— Task goal —
Give back every line of the data exactly. Pictures are not part of the copy.

— Input data —
== Segment start ==

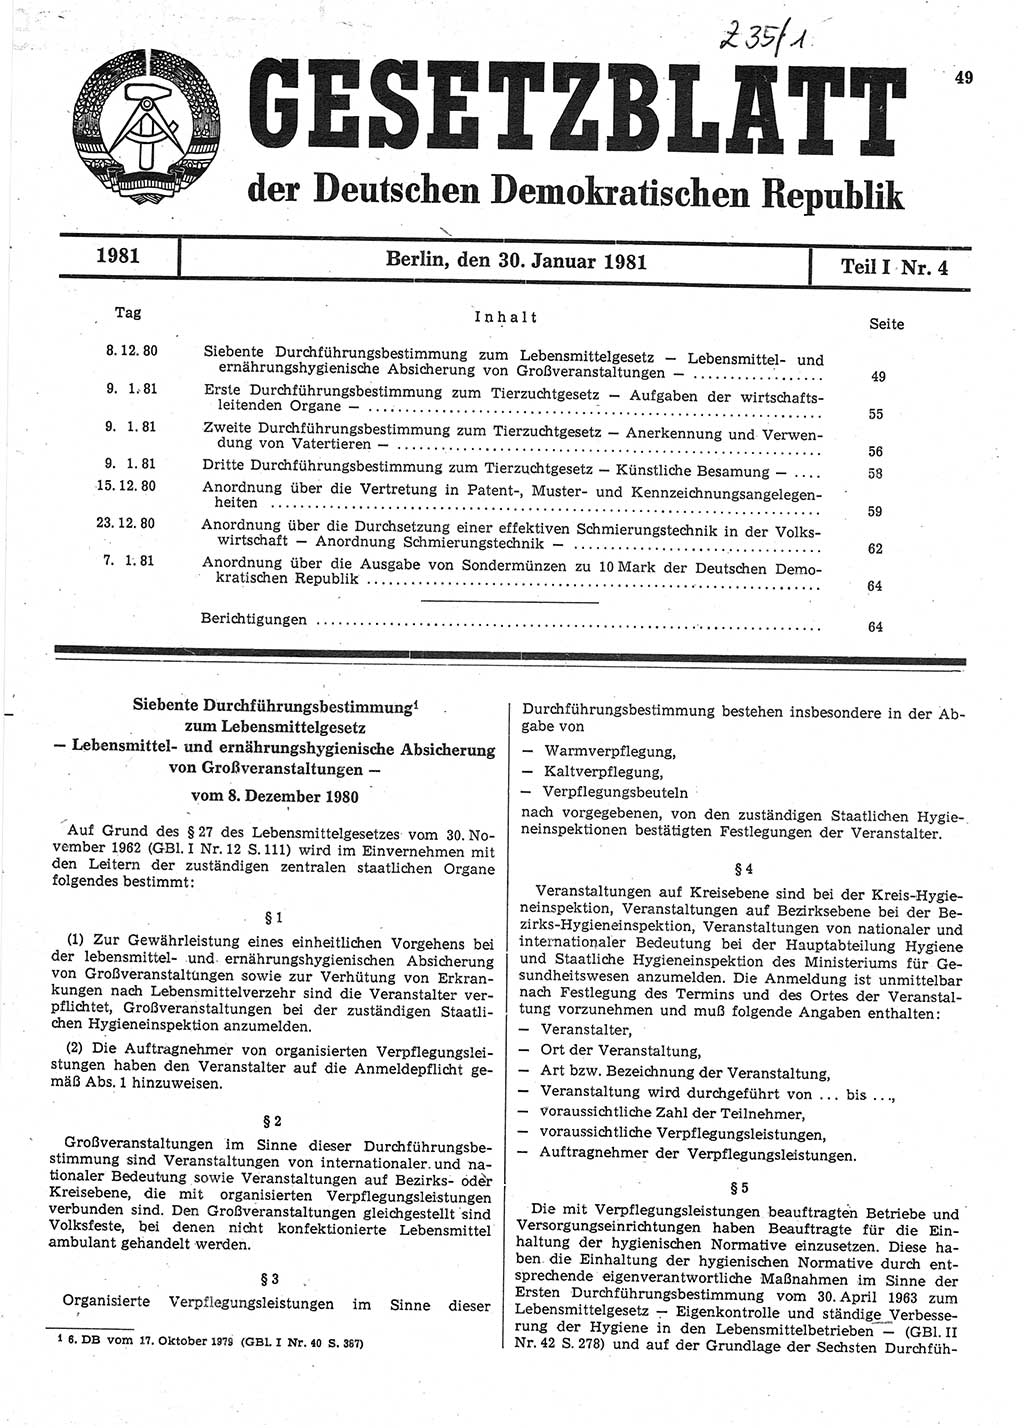 Gesetzblatt (GBl.) der Deutschen Demokratischen Republik (DDR) Teil Ⅰ 1981, Seite 49 (GBl. DDR Ⅰ 1981, S. 49)
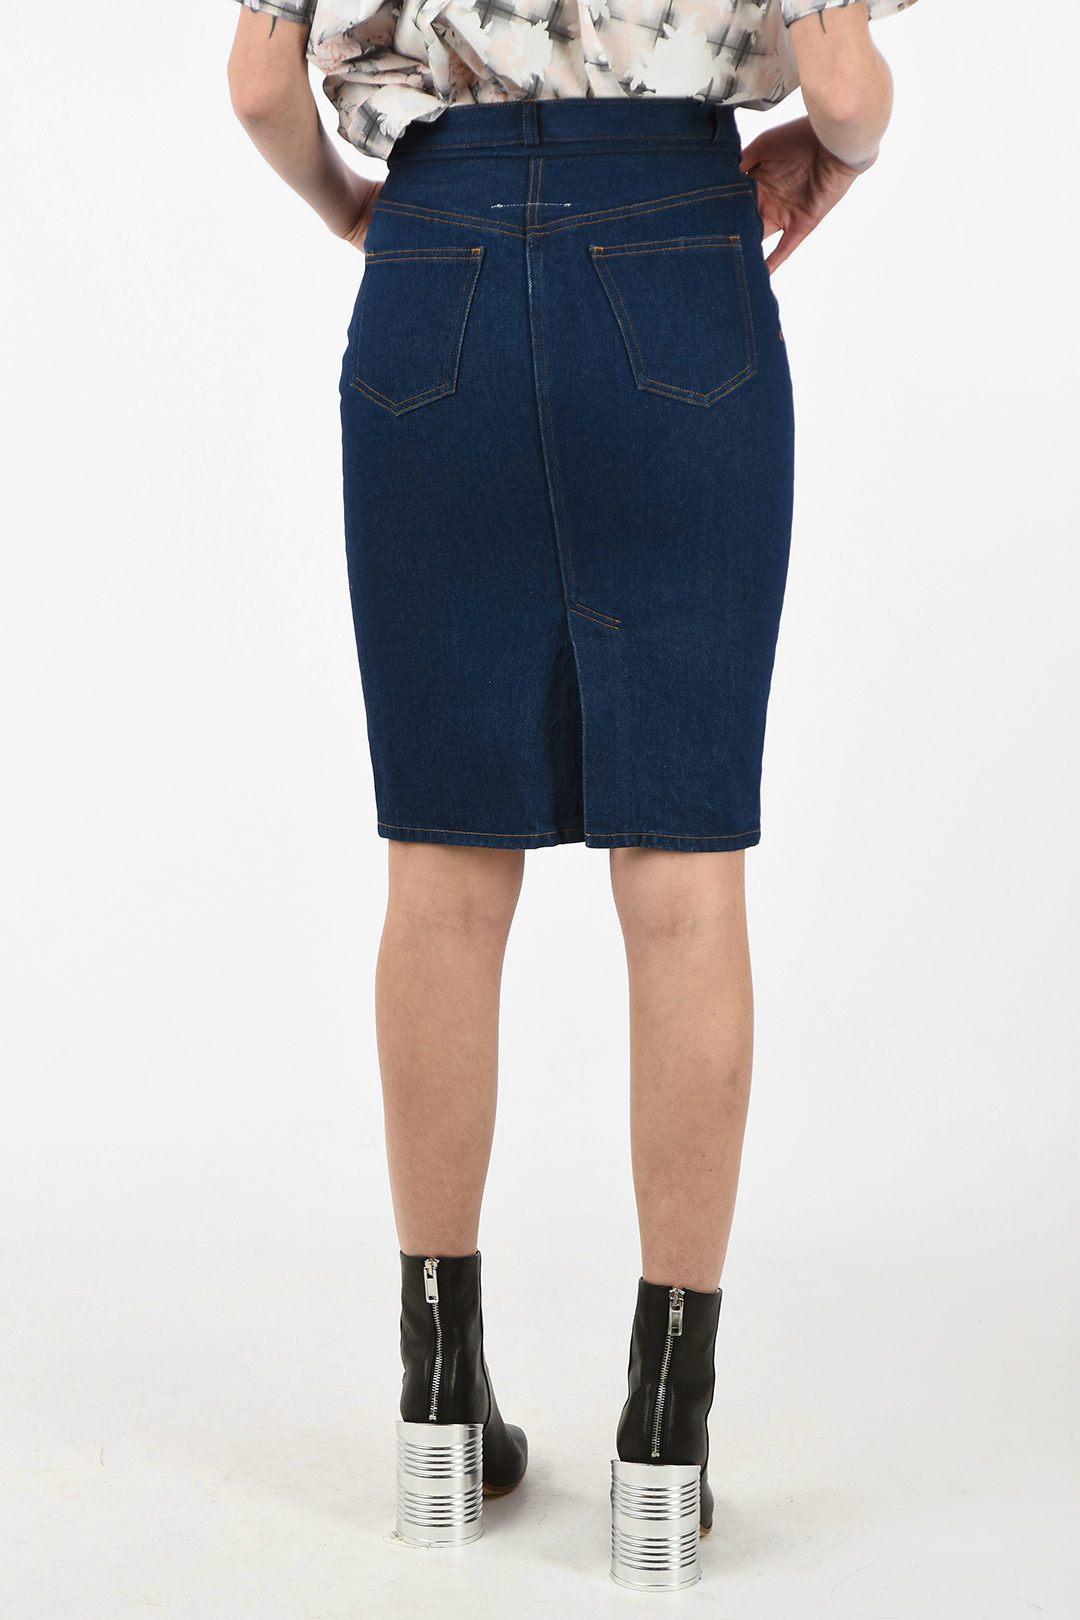 high waisted denim skirt knee length
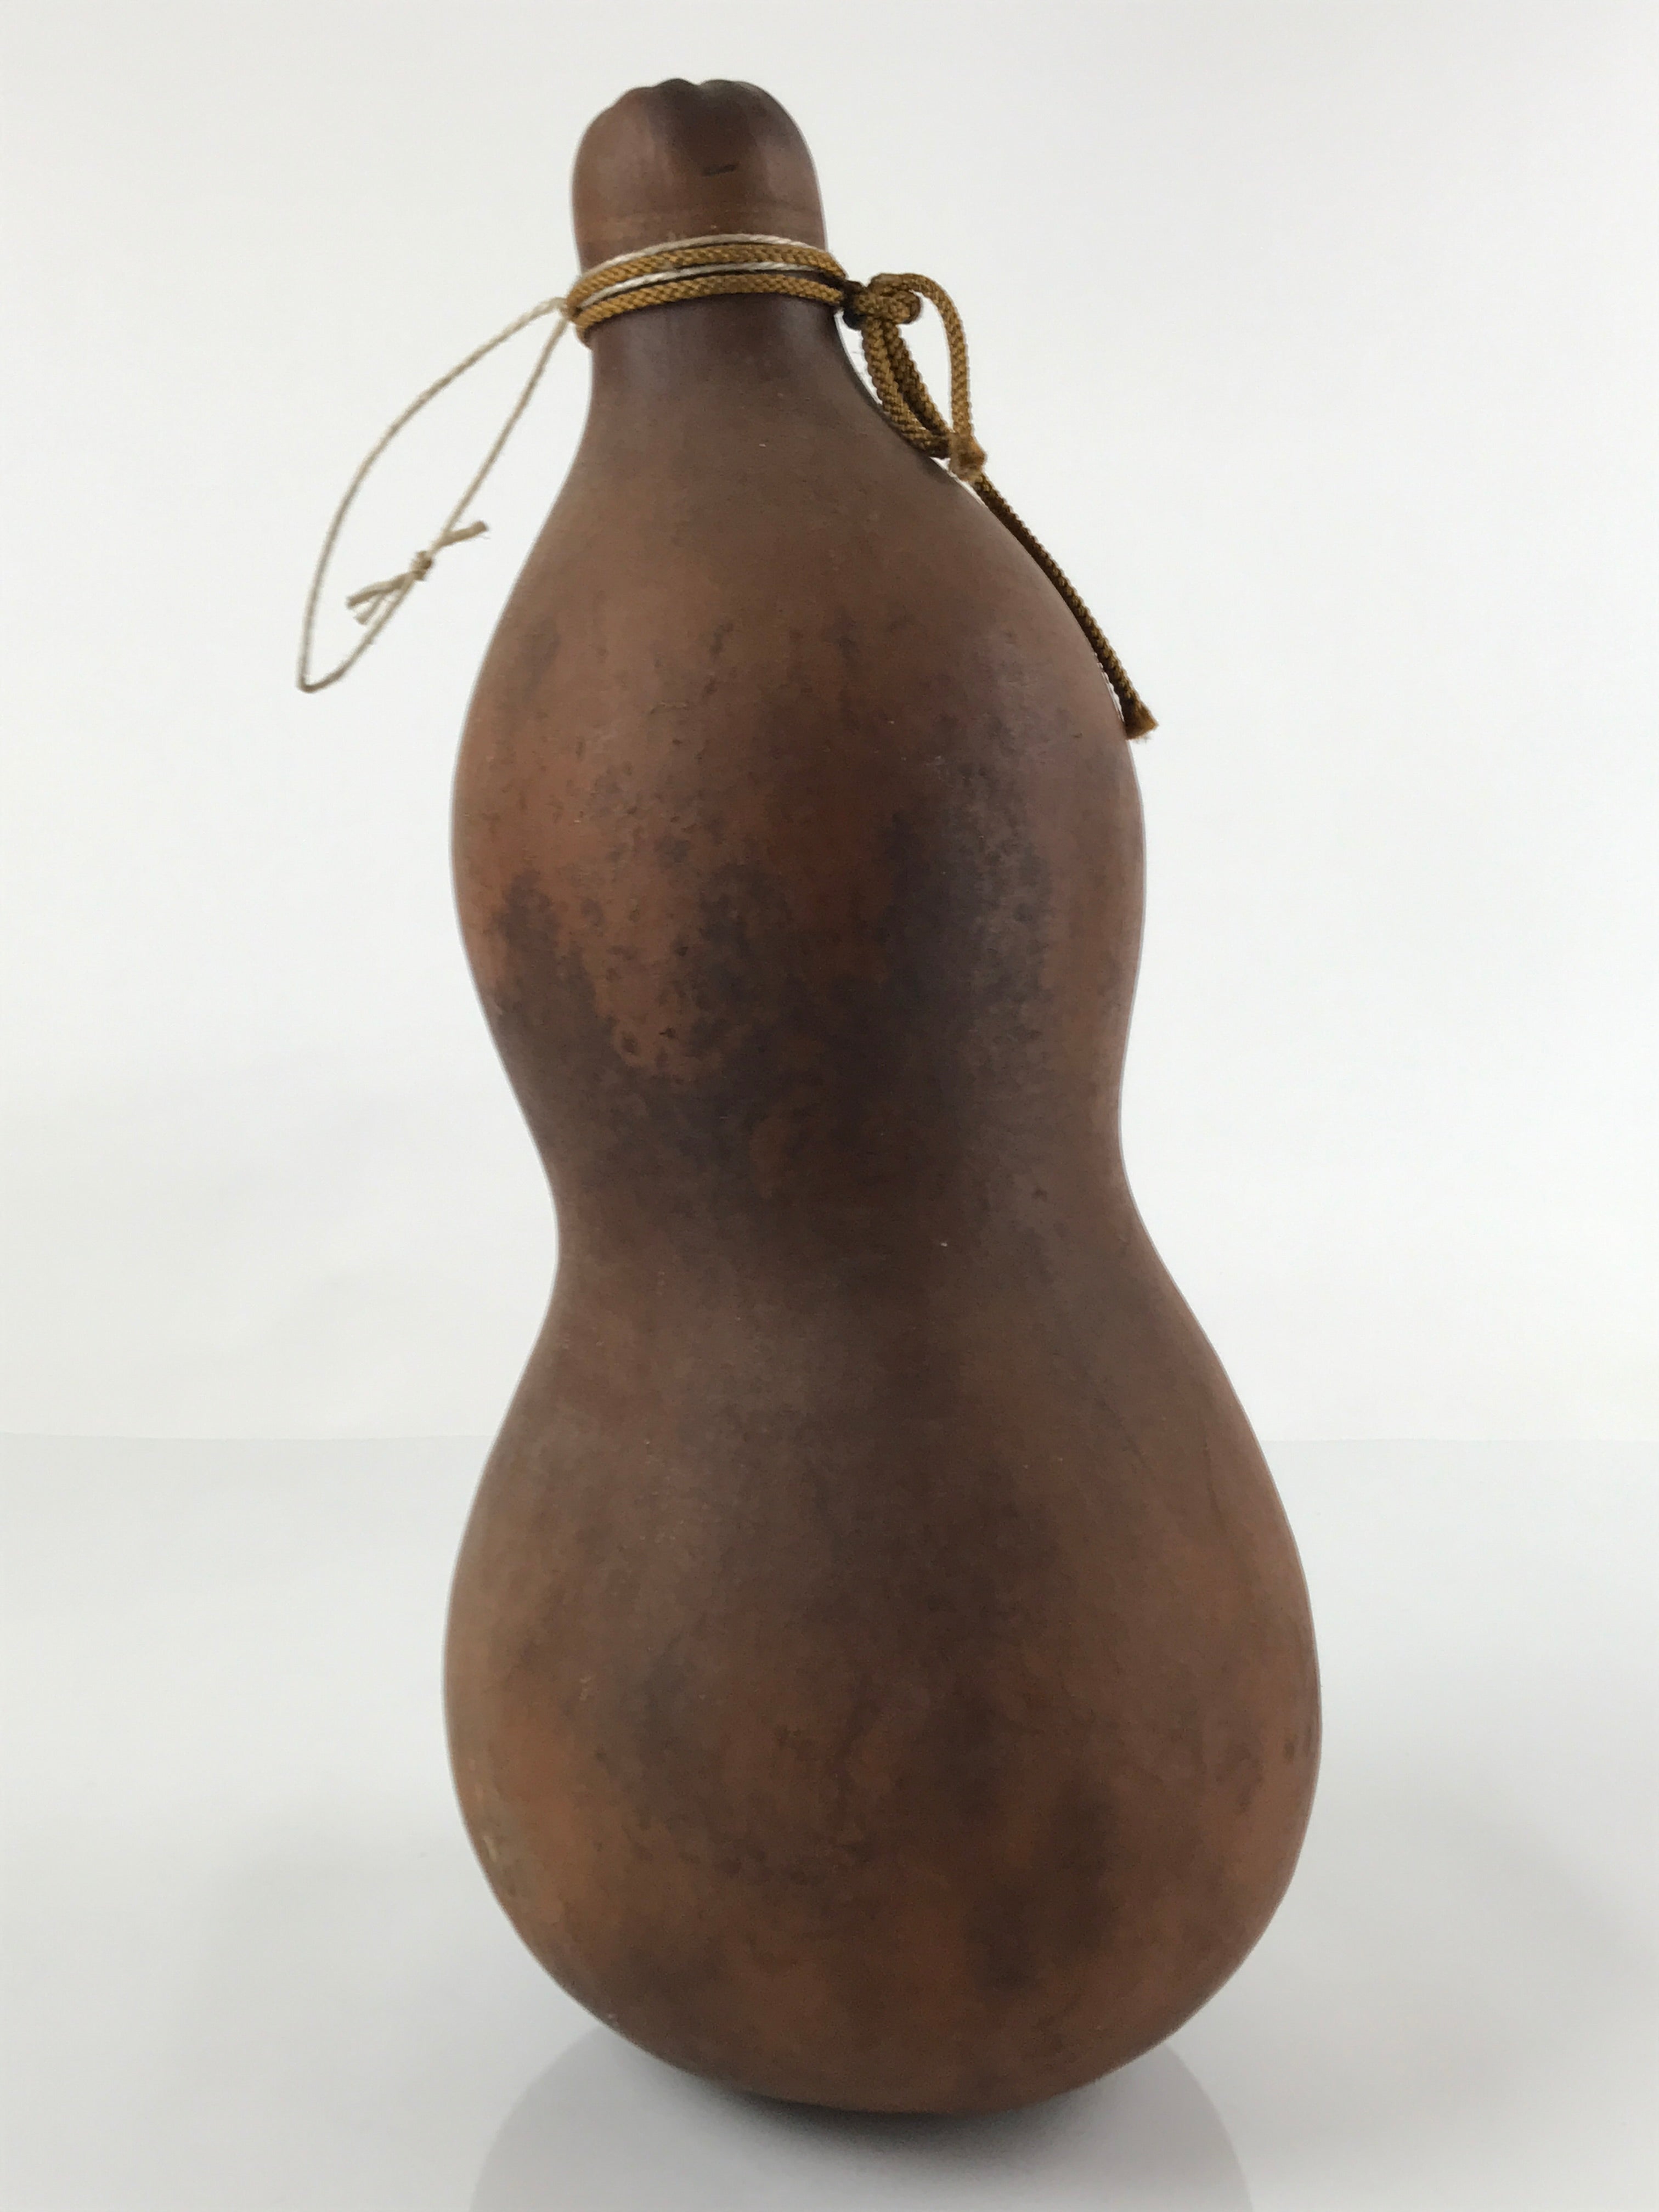 Japanese Natural Hyotan Gourd Vtg Sake Bottle Lucky Charm Large Calabash G255

== Segment end ==

— Worked solution —
 Gesetzblatt (GBl.) der Deutschen Demokratischen Republik (DDR) Teil Ⅰ 1981, Seite 49 (GBl. DDR Ⅰ 1981, S. 49)
 high waisted denim skirt knee length
 Japanese Natural Hyotan Gourd Vtg Sake Bottle Lucky Charm Large Calabash G255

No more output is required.